Organophosphorus complexing agents in accordance with this invention are incorporated within transition metal electroless plating baths utilizing reducing agents of various types, which reducing agents operate within the particular bath system for the catalytic reduction of transition metal cations within the bath. The reducing agent compounds which may be employed for such purpose include any of those compounds conventionally employed in electroless transitional metal plating baths as reducing agents. Examples of the wide variety of reducing agents suitable for use within baths according to this invention include formaldehyde, phosphite ion generators such as sodium hypophosphite or boron containing compounds such as boron-nitrogen compounds and borohydrides. Typical examples of suitable boron containing reducing agent compounds include lower alkyl substituted amine boranes such as dimethylamine borane and diethylamine borane. Correspondingly, suitable borohydrides include potassium borohydride and sodium borohydride.
The source of transition metal cations in baths in accordance with this invention may include any of the water soluble or semisoluble salts of such metals which are conventionally employed for such plating. Particular examples of sources of copper cations may include cupric and cuprous salts and hydrates thereof such as cupric chloride, copper nitrate, or cupric sulfate. Suitable sources of the nickel cations may, for example, include nickel chloride, nickel sulfamate or nickel sulfate. Cobalt cation sources include salts such as cobalt chloride.
In operating the electroless plating baths in accordance with this invention, an aqueous bath typically is first prepared by adding the bath components to water within a tank, usually one having a heater and passive (non-catalytic) walls. Added are the source of transition metal cation, the complexing agent, and the reducing agent, as well as a pH regulator to adjust the pH to a desired value within a very broad range of possible values, after which a suitable substrate is emersed within the bath whereupon the transition metal is plated or deposited thereupon. The substrate employed for such purpose may be a metal such as aluminium or mild steel or a non-metal such as plastic. Usually when the substrate is a non-metal, it should be surface activated in accordance with established procedures so as to permit the transition metal deposit to form thereon.
Conditions employed in conducting the plating will be dependant upon the desired final concentration of the transition metal to be deposited, the various bath components, the reducing agent employed, the operating pH utilized, the concentration of the transition metal cation, and the temperature of the bath. Accordingly, the conditions as described hereinafter may be varied somewhat within the indicated ranges in order to achieve a variety of different electroless deposits. Typical concentrations of transition metal cations to be maintained within the electroless bath may be varied as desired, but it is a general practice to add and maintain the transition metal cation within ranges which usually vary somewhat depending upon the particular transition metal cation used. For example, copper cation may be maintained in the bath within a general range of from about 0.005 to about 0.5 mol per liter, and a nickel or cobalt cation source might typically be maintained in the bath within range of from about 0.05 to about 0.5 mol per liter.

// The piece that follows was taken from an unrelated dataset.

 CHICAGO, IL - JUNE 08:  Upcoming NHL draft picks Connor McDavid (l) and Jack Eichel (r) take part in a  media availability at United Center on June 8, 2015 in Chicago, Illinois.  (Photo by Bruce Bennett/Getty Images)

Concentrations of the complexing agent within any particular bath in accordance with this invention will vary somewhat depending upon the identity and the concentration of the transition metal being complexed, and they will also vary somewhat depending upon the particular complexing agent utilized. Such concentrations will, in general, lie between about 0.001 and about 1 mol per liter, usually between about 0.01 and about 0.5 mol per liter. In many instances the complexing agent concentration will lie within an especially preferred range between about 0.02 and about 0.2 mol per liter.
Reducing agent concentrations used in these baths will be those that are sufficient and cost-efficient for reducing the transition metal cations within the particular bath formulation to their free metal state. Concentration ranges will vary from reducing agent to reducing agent and from bath to bath in accordance with this invention, which ranges will generally lie between about 0.001 and about 1 mol per liter, with suitable ranges usually lying between about 0.007 and about 0.3 mol per liter.

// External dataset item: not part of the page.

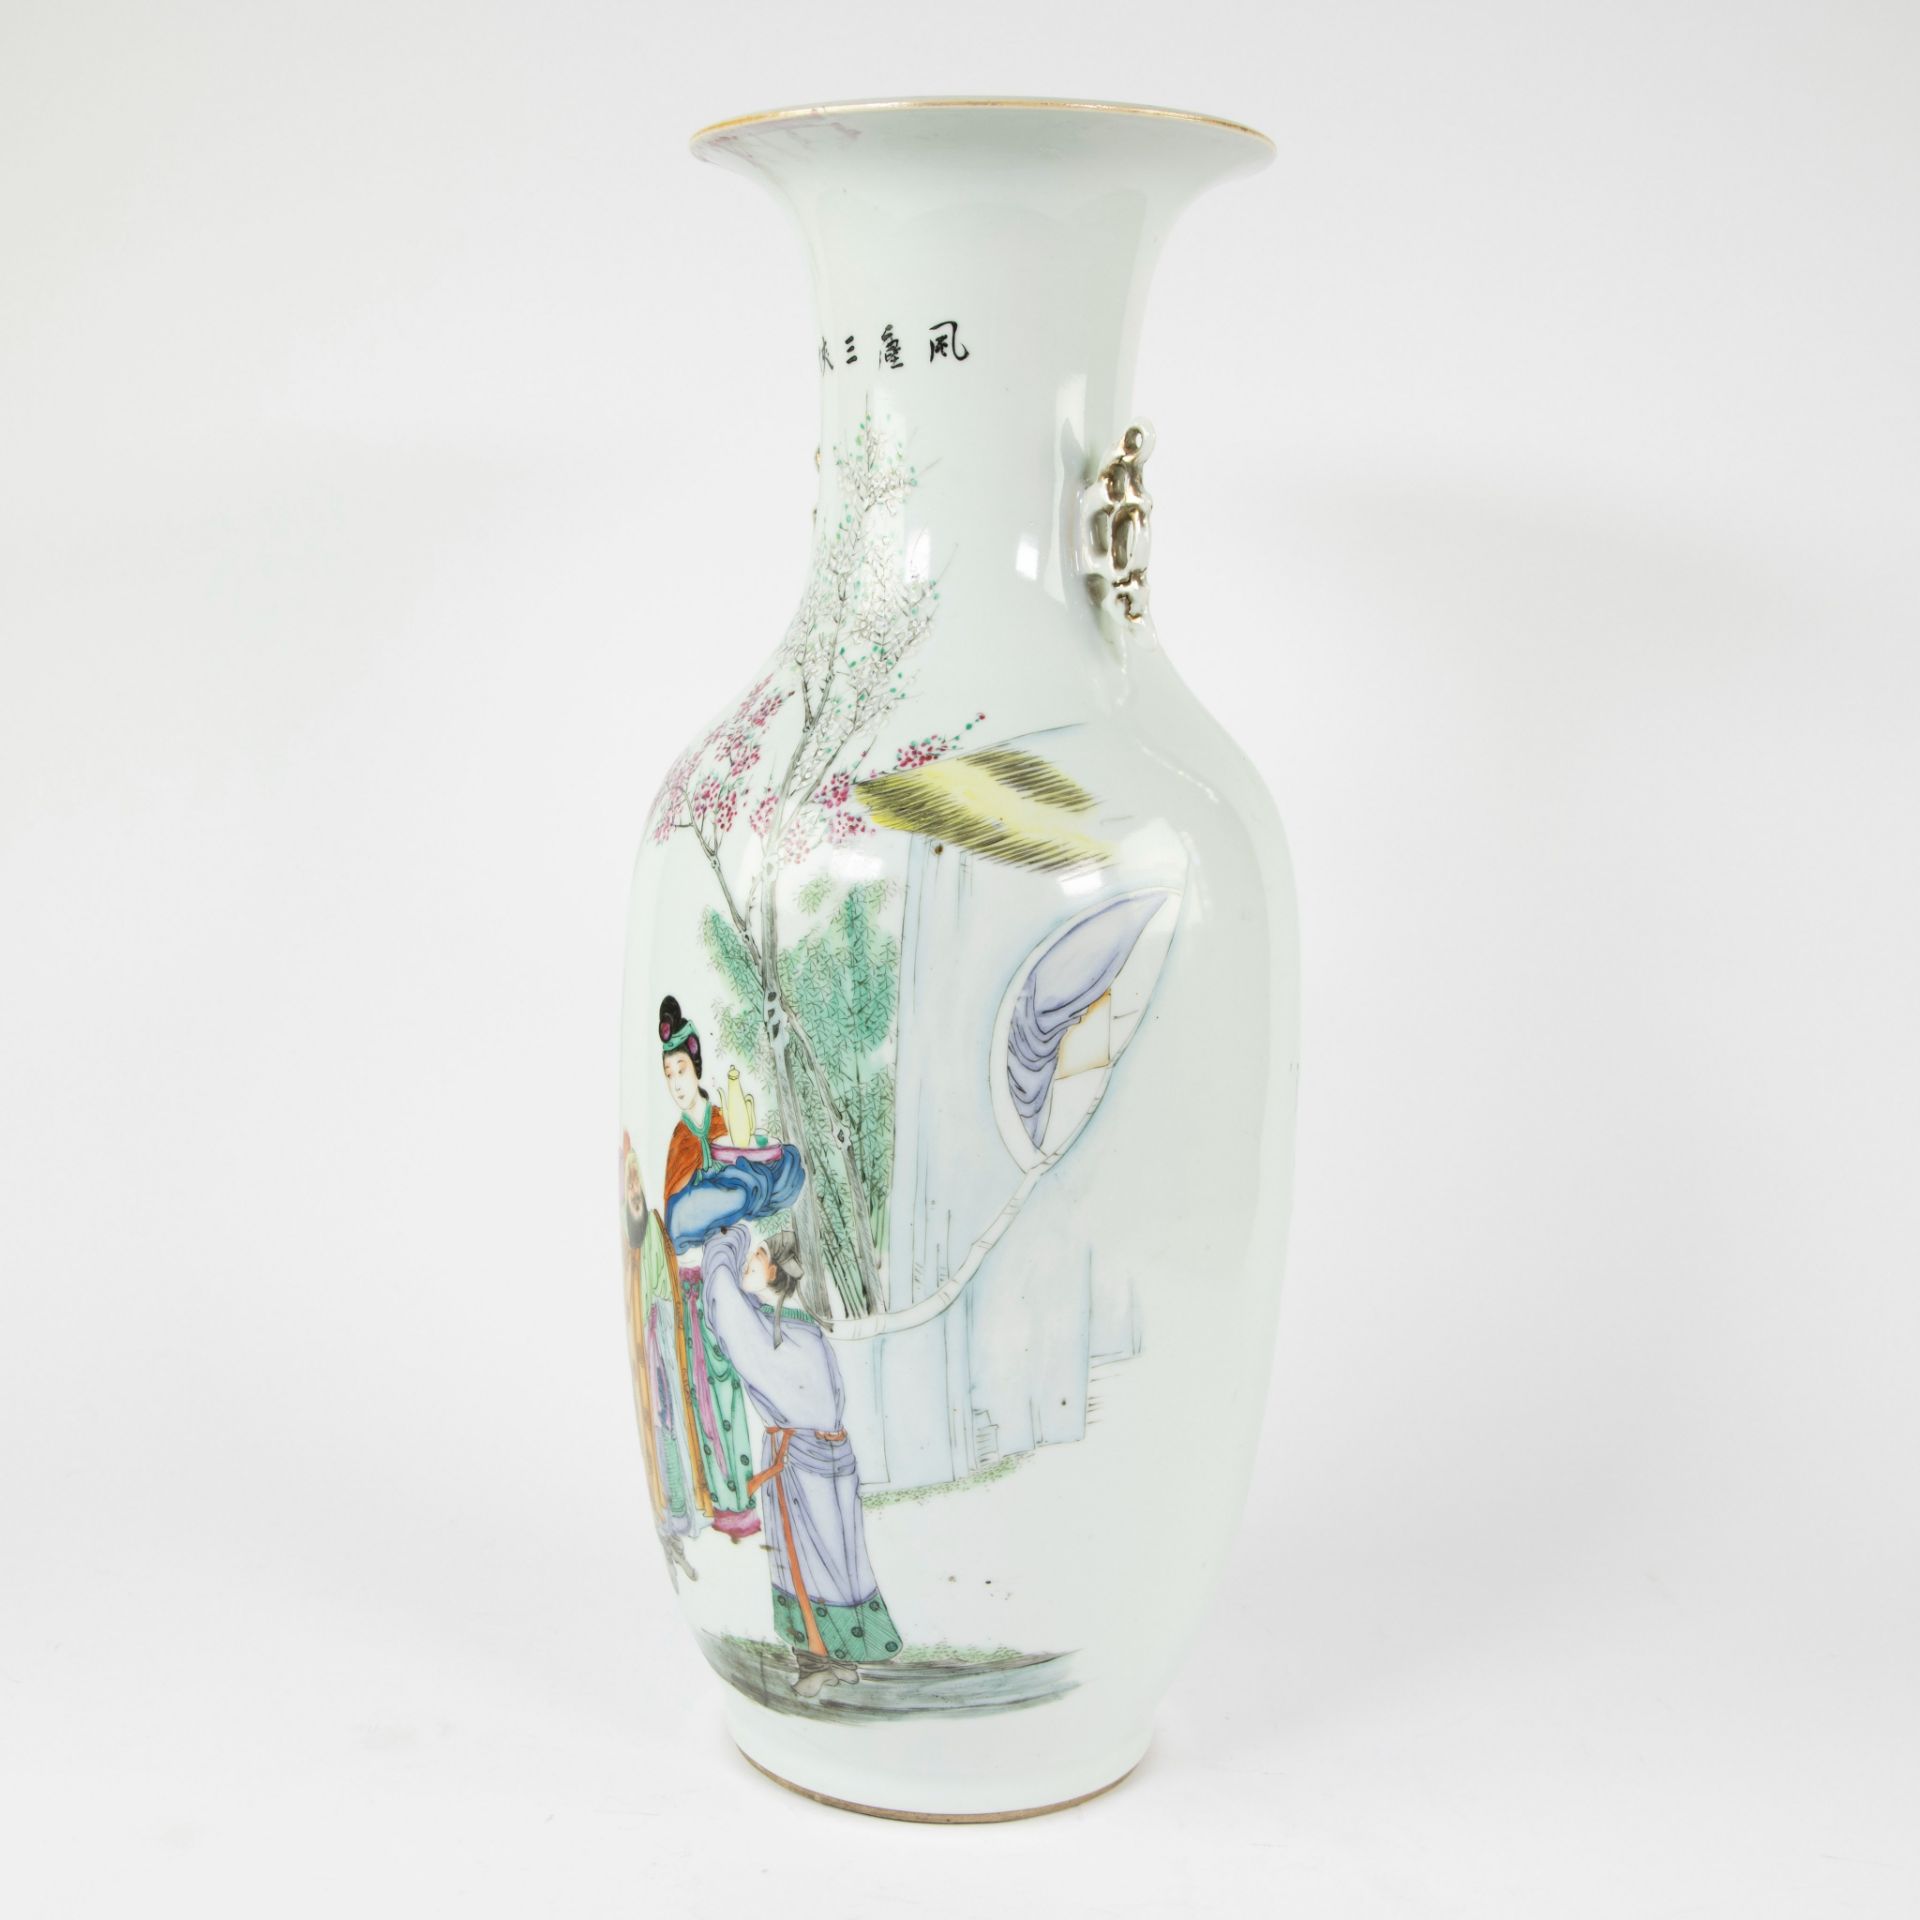 19th century Chinese famille rose vase decorated with figures and Chinese texts - Image 2 of 11

The pH regulator employed for the electroless bath solutions in accordance with this invention can be widely varied depending upon the substrate being plated or deposited upon, whether it is desired to take advantage of the attributes of a highly alkaline plating bath developed with or without ammonium ions, or whether it is desired to produce a bath having the advantages of a rather low pH. In general, the amount of pH regulator added will be determined when a particular desired pH value is reached, rather than upon the concentration of the pH regulator to be added. Typical operating pH ranges can vary between less than 4 and up to a pH of 14. It is particularly significant that efficiently operating pH values at the upper limit can be achieved without the need to use ammonium ions. Suitable pH regulators include acids and strong inorganic bases such as the alkali metal hydroxides including potassium hydroxide and sodium hydroxide. Ammonium hydroxide can also be used when there is no desire to avoid the formation of noxious ammonium fumes.
Bath temperatures maintenance or variation is, in part, a function of the desired rate of plating as well as the composition of the bath, especially the particular reducing agent employed. Typical temperature ranges vary from about room temperature substantially up to the boiling point of the bath system, generally between about 25° to about 100° C. A borane-reduced bath usually will have a temperature between about 25° to about 82° C., a formaldehyde bath is typically in the lower portion of the general temperature range, a borohydride bath will vary in temperature throughout the general range, and a phosphite-reduced bath is best suited for operation within the upper portion of the general temperature range.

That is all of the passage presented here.